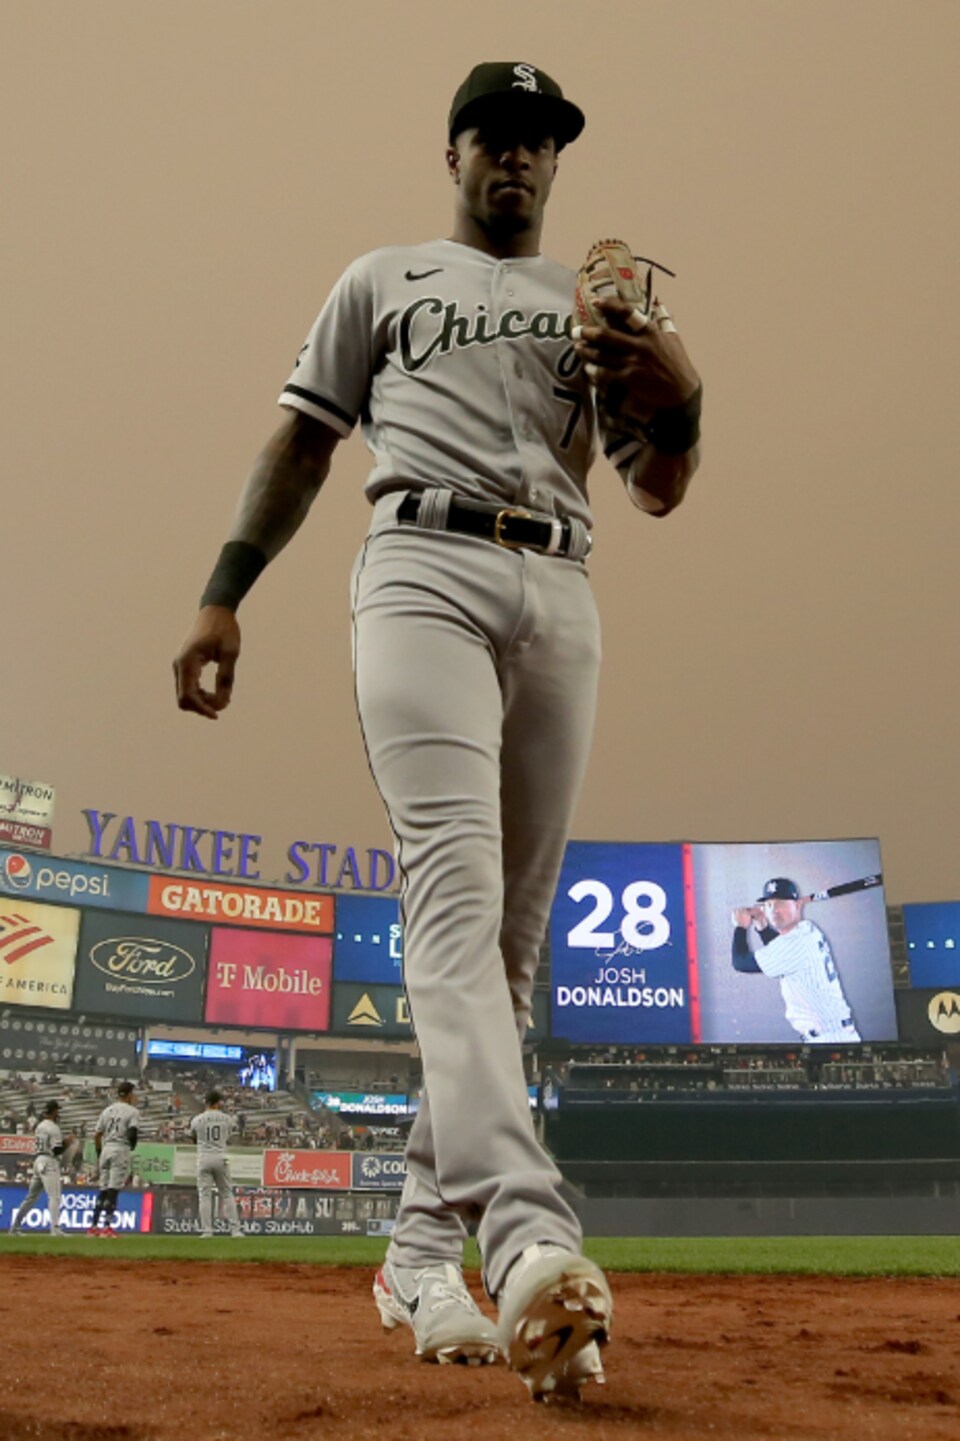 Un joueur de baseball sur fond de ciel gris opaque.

* * *

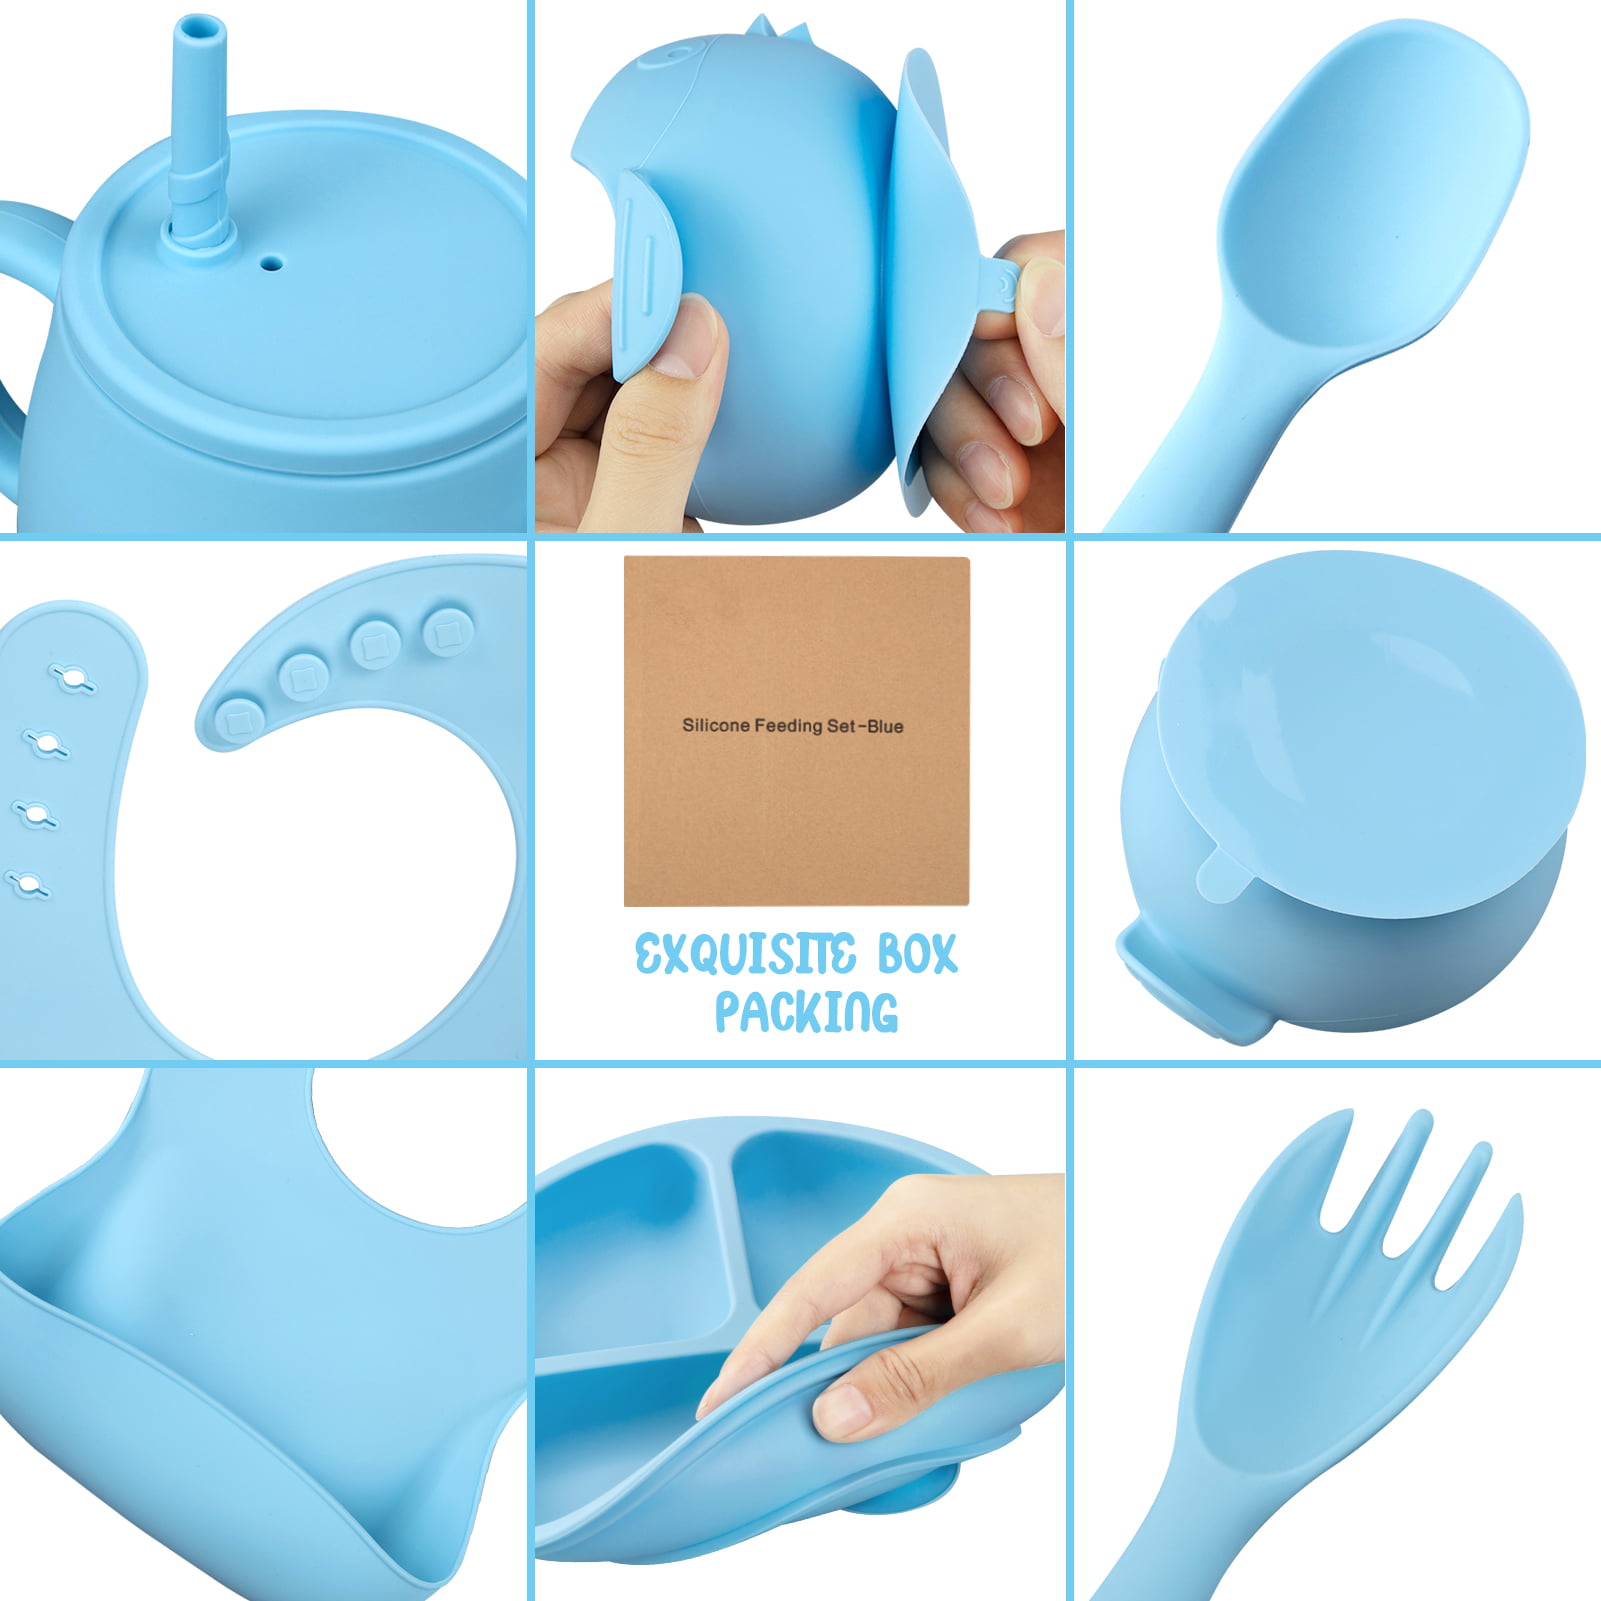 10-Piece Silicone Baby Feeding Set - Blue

* * *

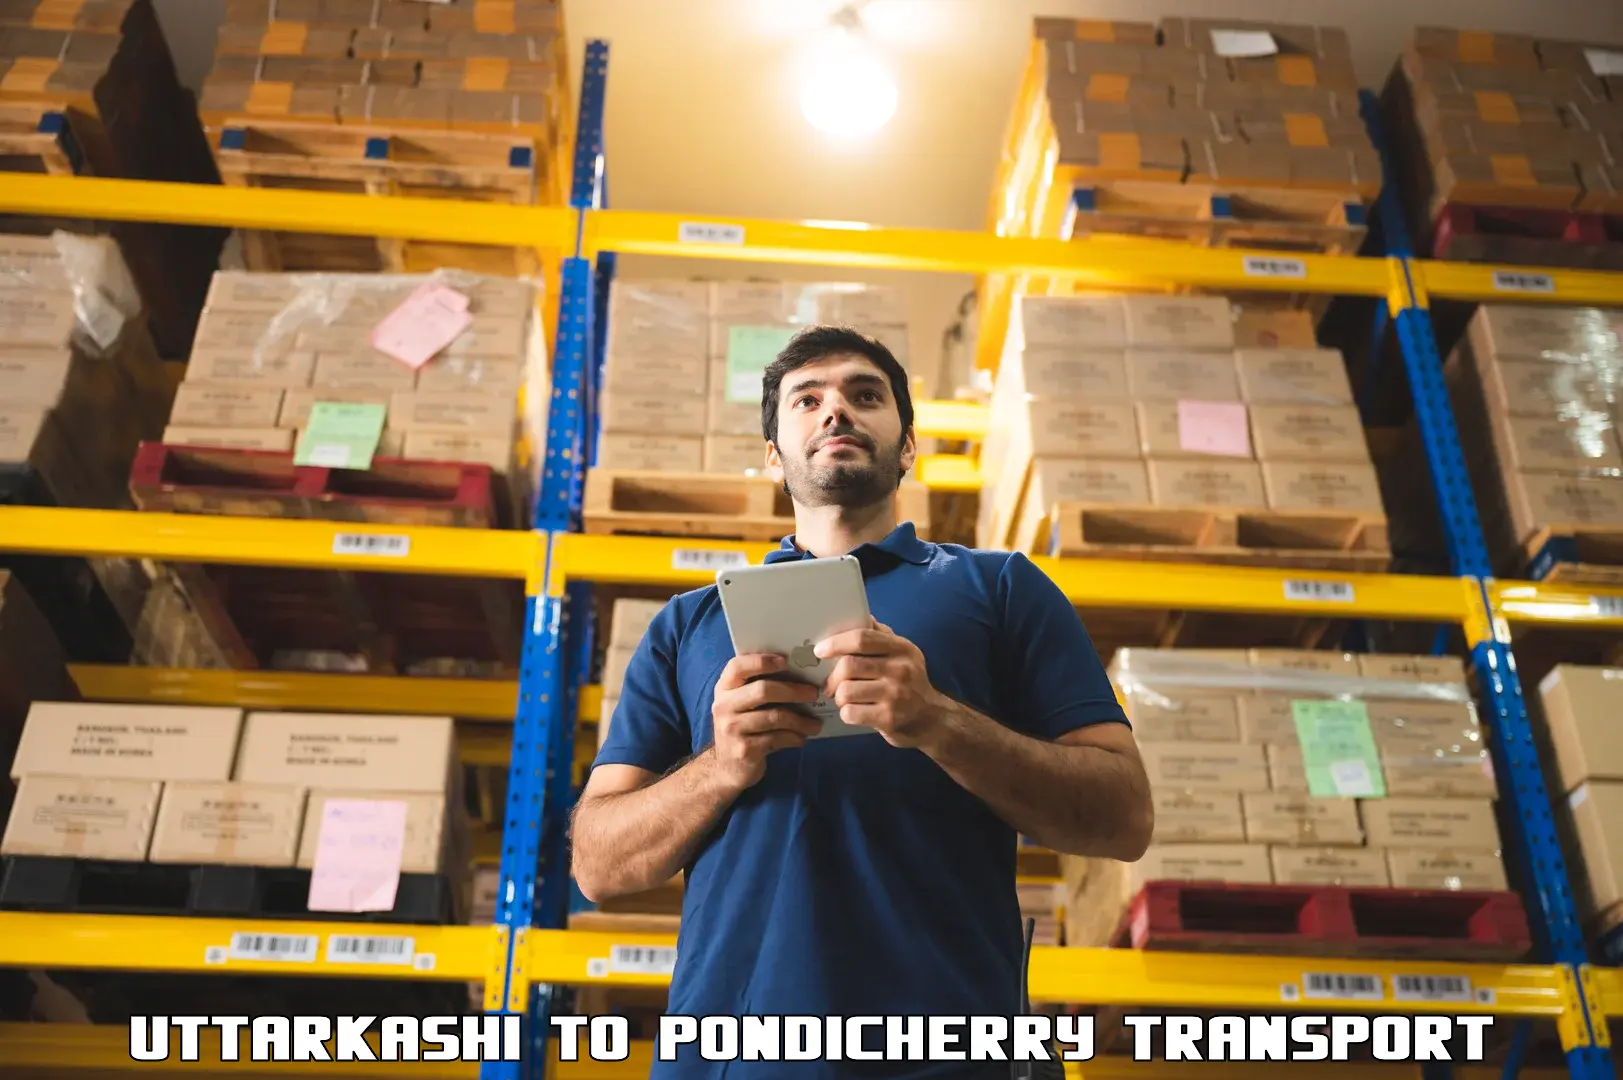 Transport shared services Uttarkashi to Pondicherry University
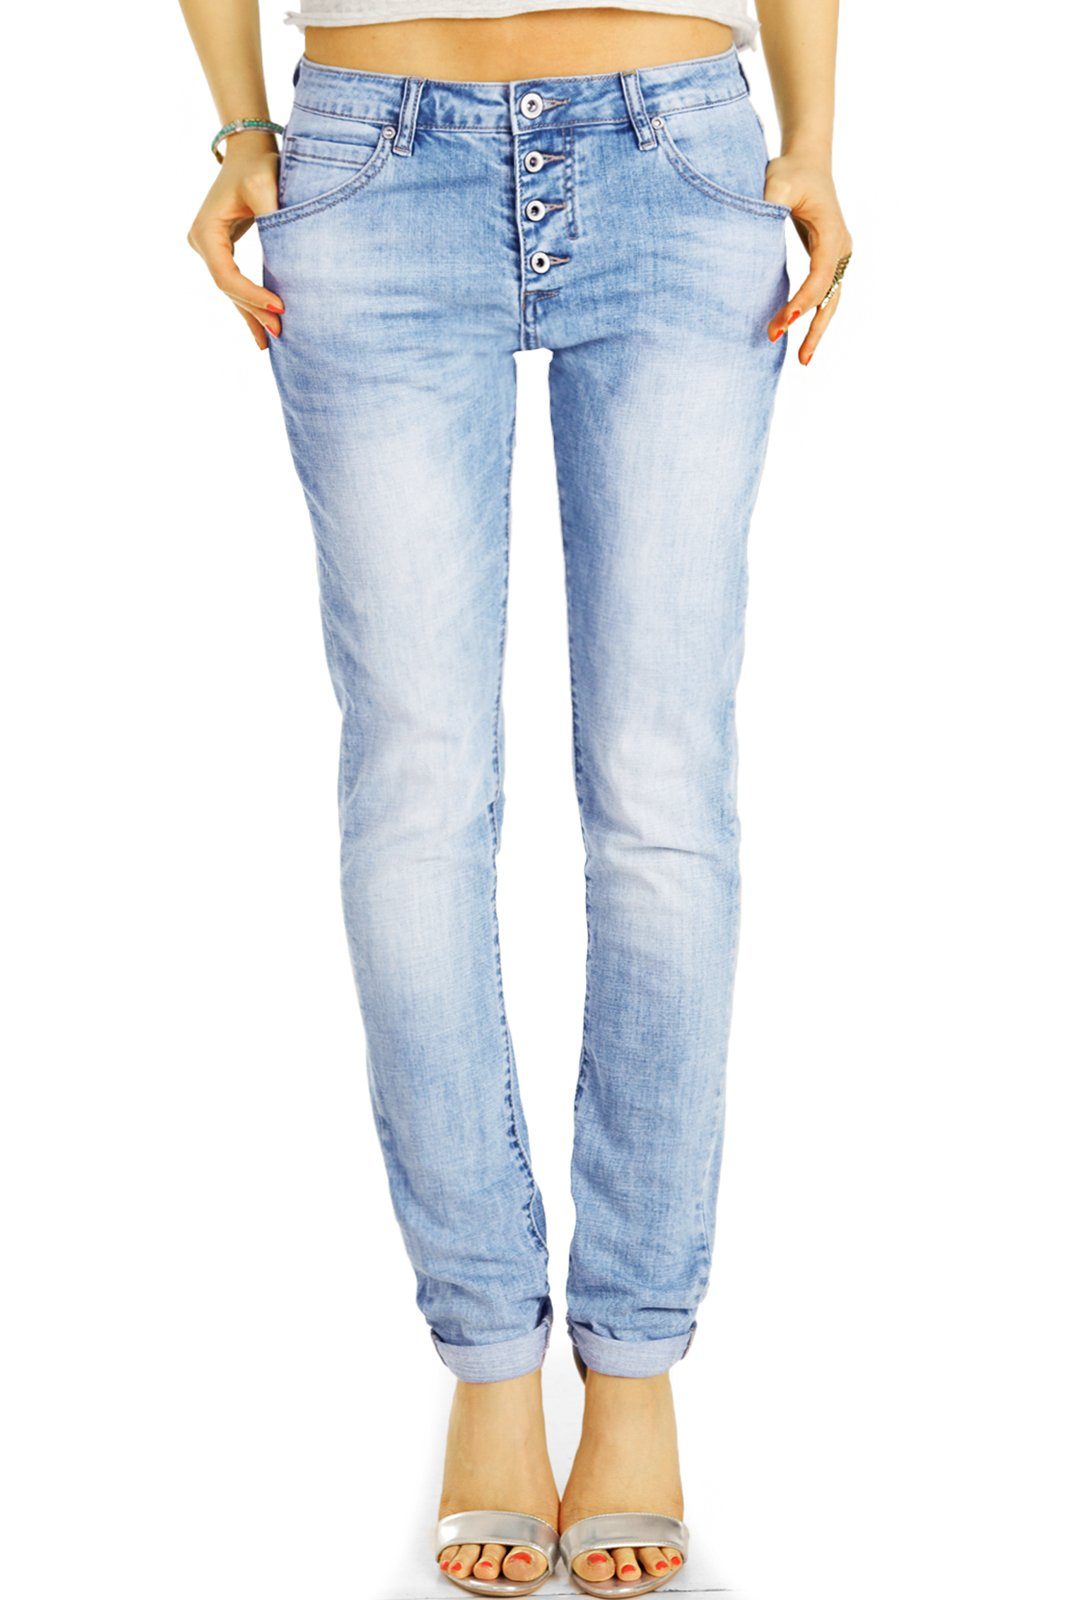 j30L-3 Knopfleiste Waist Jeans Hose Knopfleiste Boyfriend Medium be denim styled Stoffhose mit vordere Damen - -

● **What is required**: Without the pictures, give again exactly the lines above starting at the line containing "Transport shared services" and ending at the line containing "j30L-3 Knopfleiste Waist".

● **Output of the exercise**:
 Transport shared services Uttarkashi to Pondicherry University
 j30L-3 Knopfleiste Waist Jeans Hose Knopfleiste Boyfriend Medium be denim styled Stoffhose mit vordere Damen - -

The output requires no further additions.